Portrait of Adele Bloch-Bauer l (Woman in Gold) – Gustav Klimt:
This painting was created by Austrian artist Gustav Klimt between 1903-1907 in the styles of Abstract art, and Klimt’s Golden Phase, and was confiscated by Nazis during the Second World War. Portrait of Adele Bloch-Bauer l (Woman in Gold) was commissioned by the sitter’s husband, and later went on to name Klimt as one of the most iconic decorative painters of his time.

Lucretia – Rembrandt:
Lucretia was painted by Dutch artist Rembrandt in 1666, during the Baroque period. Lucretia is painted in the styles of history and the Golden Age. Rembrandt is known for his phenomenal  job of portraying light in paintings, and exhibits this in his series of Lucretia, consisting of multiple paintings. In history, Lucretia was a noblewoman whose rape caused her to commit suicide, which led to the rebellion that overthrew the Roman Monarchy and established Rome as a republic.

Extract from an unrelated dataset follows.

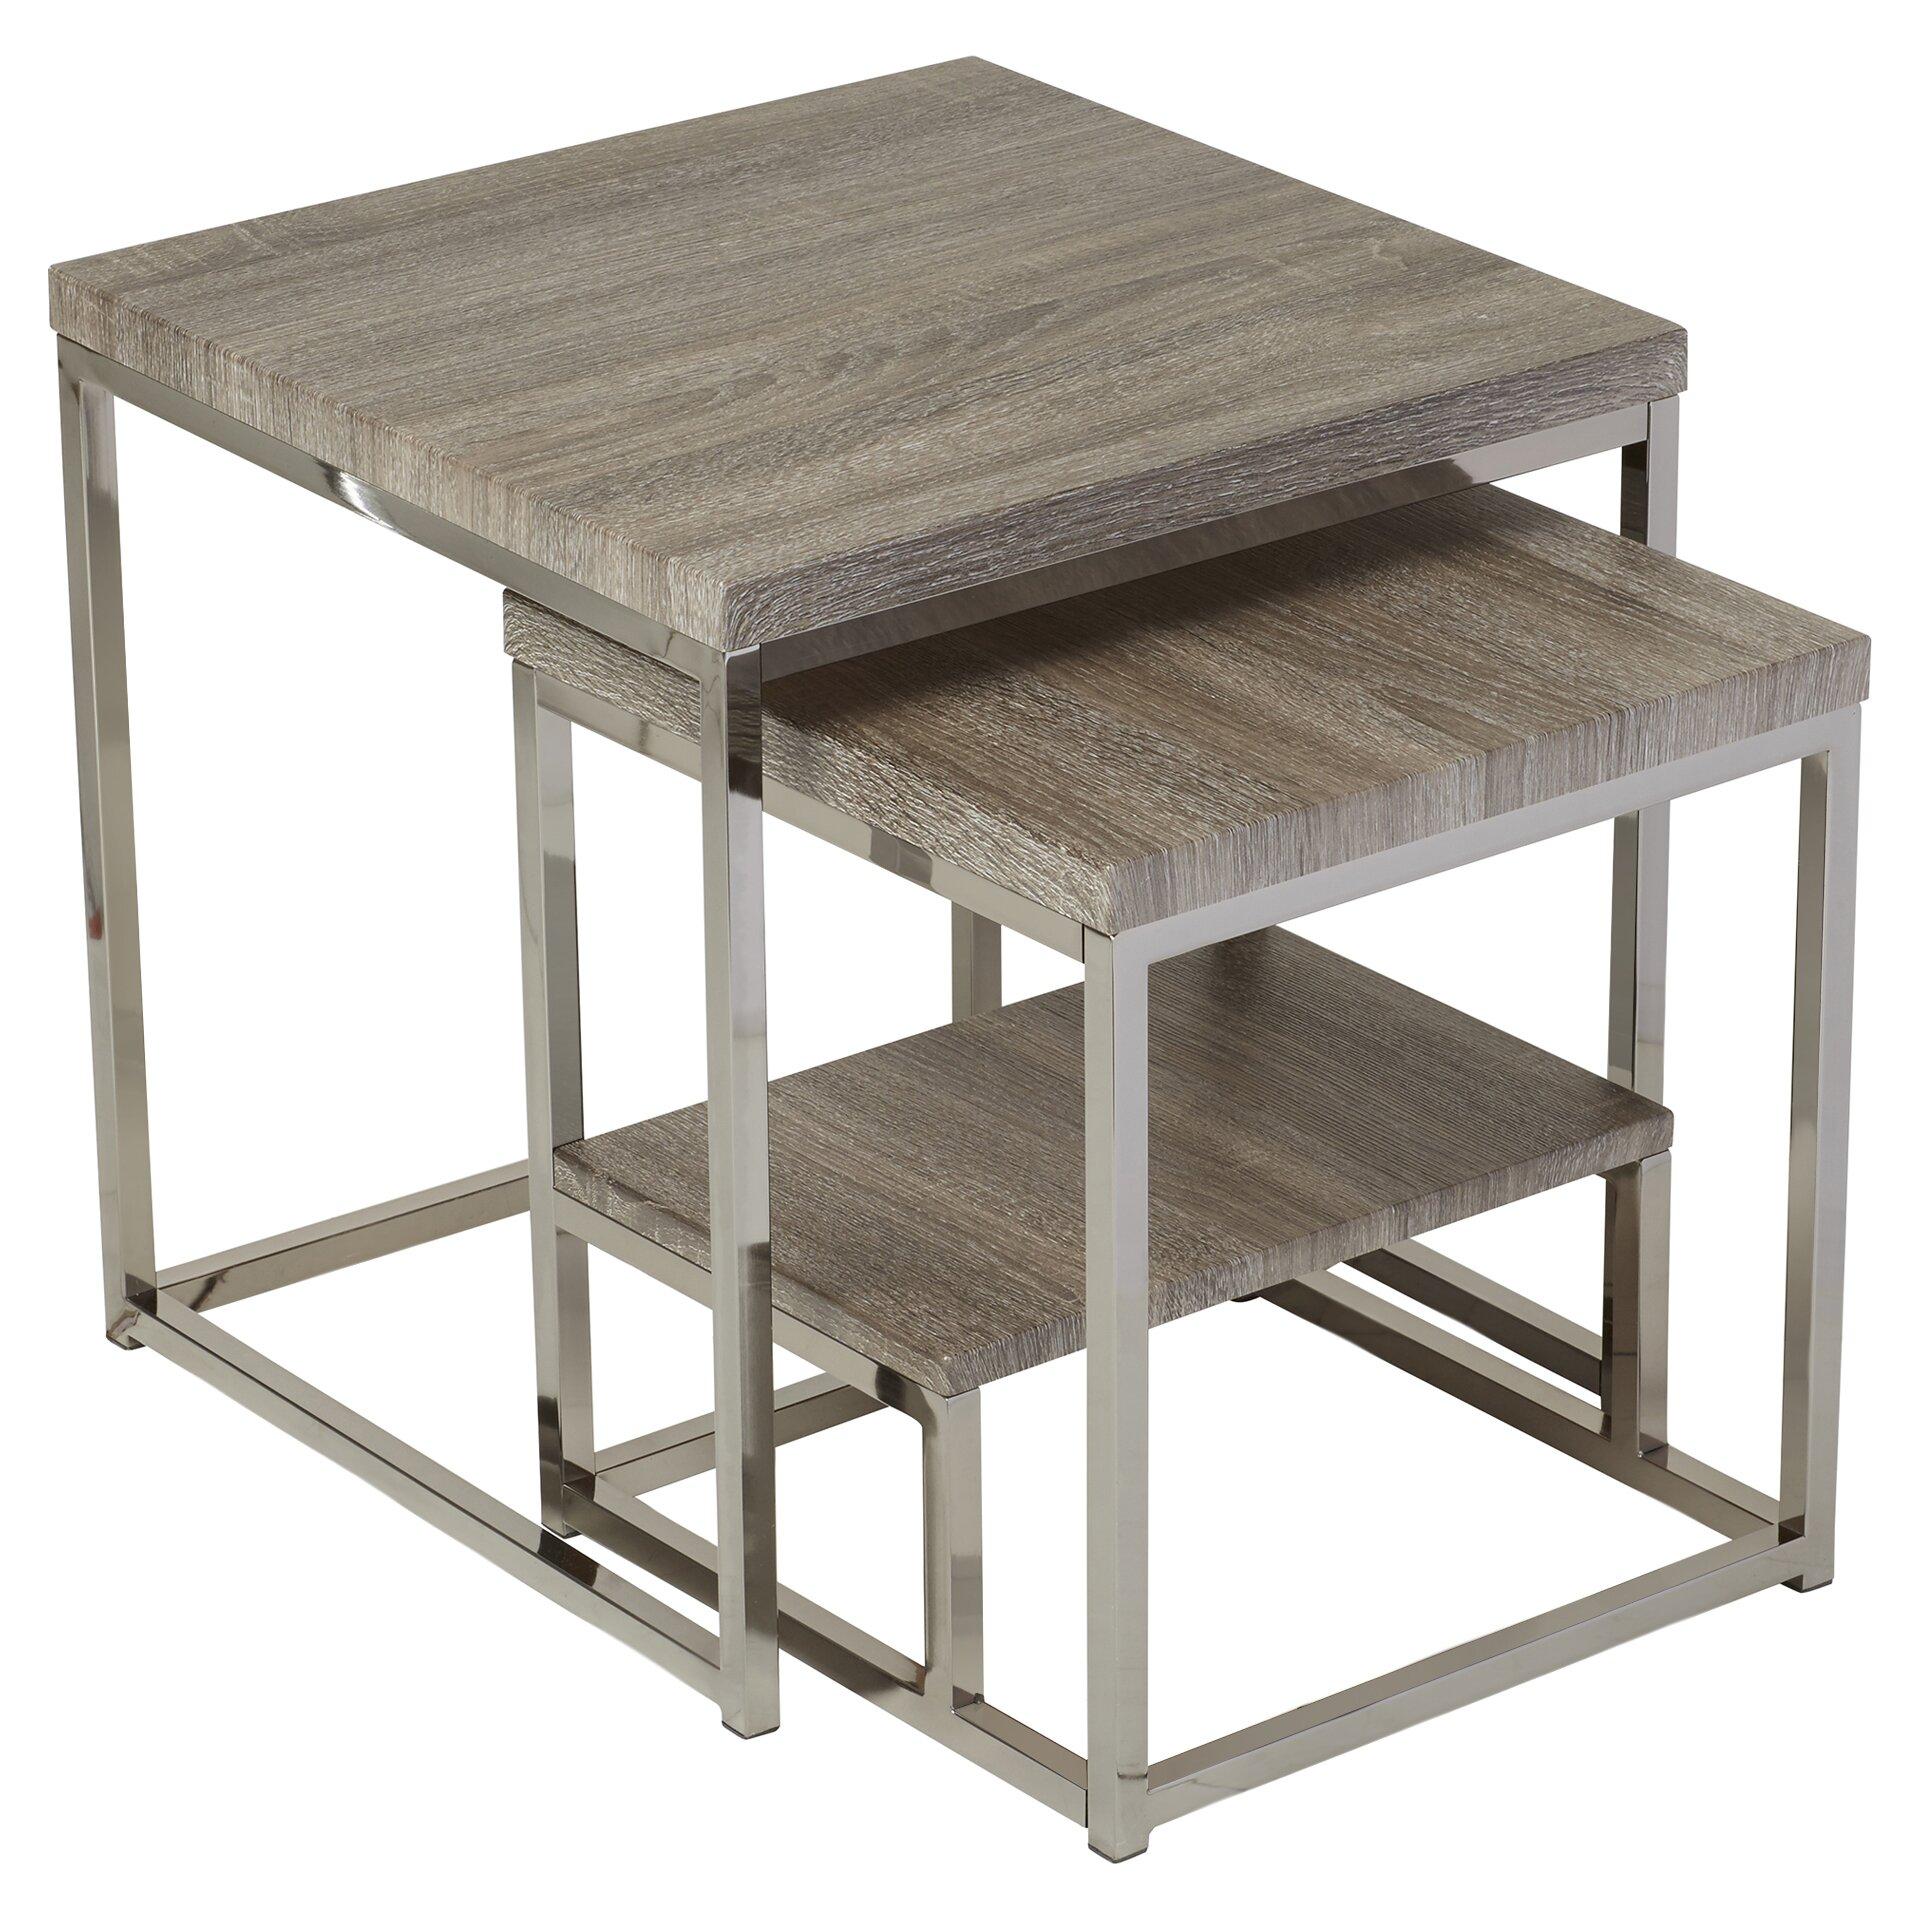 Mercury Row Philippos 2 Piece Nesting Table Set & Reviews | Wayfair

The Face of War – Salvador Dalí:
The Face of War was painted by Spanish artist Salvador Dalí in 1940, during a brief time when Dalí lived in California. The painting is in the style of Surrealism, and represents the trauma and destruction of war, and additionally serves as a reminiscence to Dalí of the Spanish Civil War.

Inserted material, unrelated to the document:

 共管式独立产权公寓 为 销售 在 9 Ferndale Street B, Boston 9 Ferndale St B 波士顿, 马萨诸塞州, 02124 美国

Irises – Vincent van Gogh:
Irises is part of a series of paintings that Dutch painter Vincent van Gogh painted in 1889 at Saint Paul-de-Mausole Asylum in France, only one year before his death. Irises is an oil painting in the style of Modern art and Post-Impressionism.

Guernica – Pablo Picasso:
Guernica is an oil painting created in 1937 by Spanish artist Pablo Picasso, and is created in the styles of Cubism and Surrealism. The painting depicts the suffering of people due to violence and chaos. The painting includes flames, a bull, and a gored horse.

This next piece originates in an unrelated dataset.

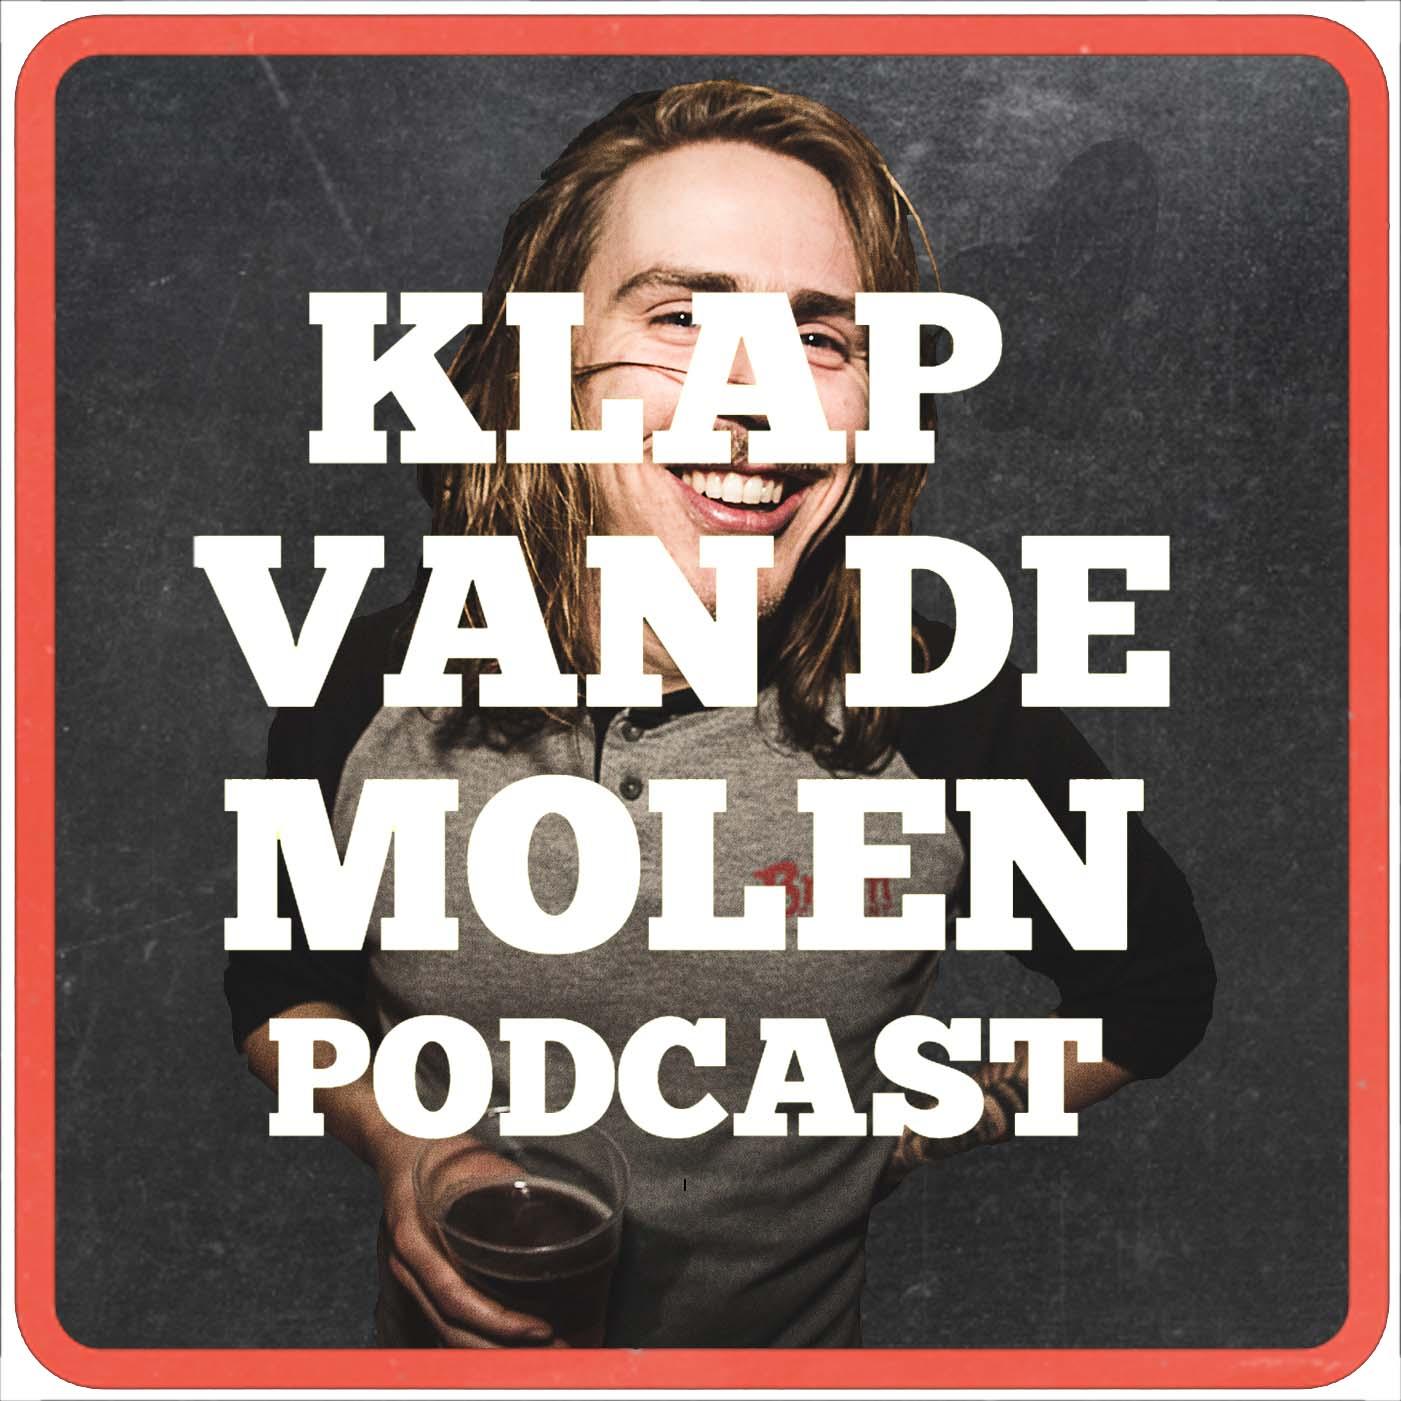 Klap van de Molen podcast - Een twee-wekelijkse podcast over muziek, met gasten van wie ik vind dat ze iets heel goed doen óp het podium, of juist daarachter.*Onderdeel van Dag & Nacht media** Winnaar 'Beste Muziekpodcast award 2018'

The Old Guitarist – Pablo Picasso:
The Old Guitarist is an oil painting created in 1903-1904, and is in the style of Expressionism and Picasso’s Blue Phase. The painting depicts a blind, elderly man on the streets of Barcelona, Spain, wearing threadbare clothing and hunched over the instrument with which he makes music.

Portrait and a Dream – Jackson Pollock:
Portrait of a Dream is a drip painting created in 1953 in the style of Abstract Expressionism. Pollock says the “dream” is a representation of the dark side of the moon, and that the painting is symbolic.

Composition 8 – Wassily Kandinsky:
This painting was created in 1923 by Russian artist Wassily Kandinsky as a part of the Bauhaus Movement, and is in the style of Abstract Art. The idea of Abstract art is to use a collection of shapes, forms, colors, and lines to create artwork that exists with an independence from visual references within the world.

The Creation of Adam – Michelangelo:
The Creation of Adam is a Fresco painting created between 1508-1512, on the ceiling of the Sistine Chapel in Italy. The Creation of Adam is in a religious and historical style of art, where the two men in the painting represent man and God, and the space that separates them.

Girl with Hair Ribbon – Roy Lichtenstein:
Girl with Hair Ribbon is an oil and magna (early acrylic) painting, that was created in 1965, in the styles of Modern, Pop, and Abstract Expressionism. This painting was created during the period when Roy Lichtenstein exclusively painted closeups of women, with the objective to decontextualize aesthetic.

Christ Pantocrator Deesis – Hagia Sophia:
Christ Pantocrator Deesis is a Byzantine style mosaic of Christian iconography, located in the former Greek Orthodox Christian basilica Hagia Sophia, in Istanbul, Turkey, that depicts Christ’s face with golden light radiating from it.

Race Riot – Andy Warhol:
Race Riot was painted in 1964, and is in the medium of acrylic and silkscreen paint. Race Riot is a depiction of Charles Moore’s photograph of a black man fleeing from a dog that is attacking him. Warhol uses the styles of Pop Art and Modern Art.

Apollo (System Copernicus) – Stanislaw Wyspianski:
Apollo (System Copernicus) was created in 1904, in the styles of Art Nouveau, and Young Poland, and was designed by artist Stanislaw Wyspianski as a stained glass window for the Medical Society in Kawków, Poland.

As time progresses, as civilization progresses, as humanity as a collective whole progresses, so does art; not only in quantity, but in thought, in soul, and in meaning.